Catsigeras Eleonora, Guiraud Pierre
Instituto de Matemática, Universidad de la República, Montevideo, Uruguay.
J Math Biol. 2013 Sep;67(3):609-55. doi: 10.1007/s00285-012-0560-7. Epub 2012 Jul 21.
We study the global dynamics of integrate and fire neural networks composed of an arbitrary number of identical neurons interacting by inhibition and excitation.

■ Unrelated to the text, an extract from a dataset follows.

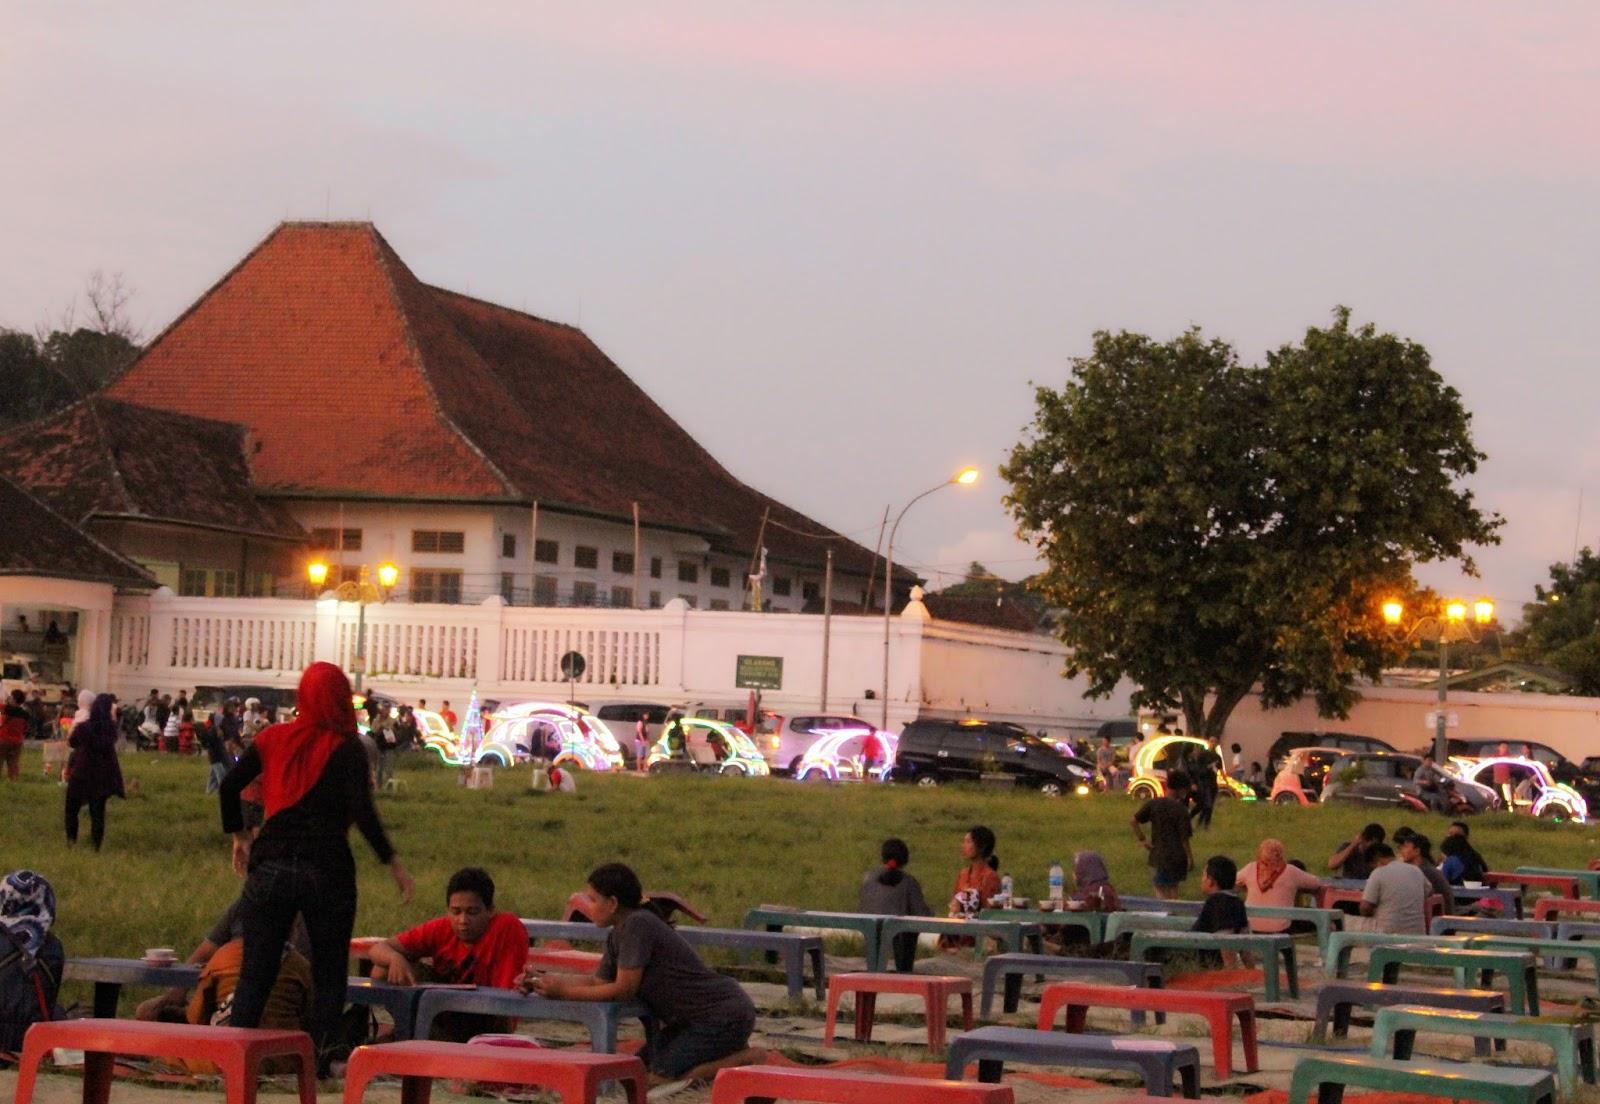 Pemandangan Indah Di Alun-alun Kidul Yogyakarta

We prove that if the interactions are strong enough, then the support of the stable asymptotic dynamics consists of limit cycles. We also find sufficient conditions for the synchronization of networks containing excitatory neurons. The proofs are based on the analysis of the equivalent dynamics of a piecewise continuous Poincaré map associated to the system. We show that for efficient interactions the Poincaré map is piecewise contractive. Using this contraction property, we prove that there exist a countable number of limit cycles attracting all the orbits dropping into the stable subset of the phase space. This result applies not only to the Poincaré map under study, but also to a wide class of general n-dimensional piecewise contractive maps.
我们研究了由任意数量通过抑制和兴奋相互作用的相同神经元组成的积分发放神经网络的全局动力学。我们证明,如果相互作用足够强,那么稳定渐近动力学的支撑集由极限环组成。我们还找到了包含兴奋性神经元的网络同步的充分条件。证明基于对与该系统相关的分段连续庞加莱映射的等效动力学的分析。我们表明,对于有效的相互作用,庞加莱映射是分段收缩的。利用这种收缩性质,我们证明存在可数数量的极限环吸引所有落入相空间稳定子集的轨道。这一结果不仅适用于所研究的庞加莱映射,也适用于一类广泛的一般 n 维分段收缩映射。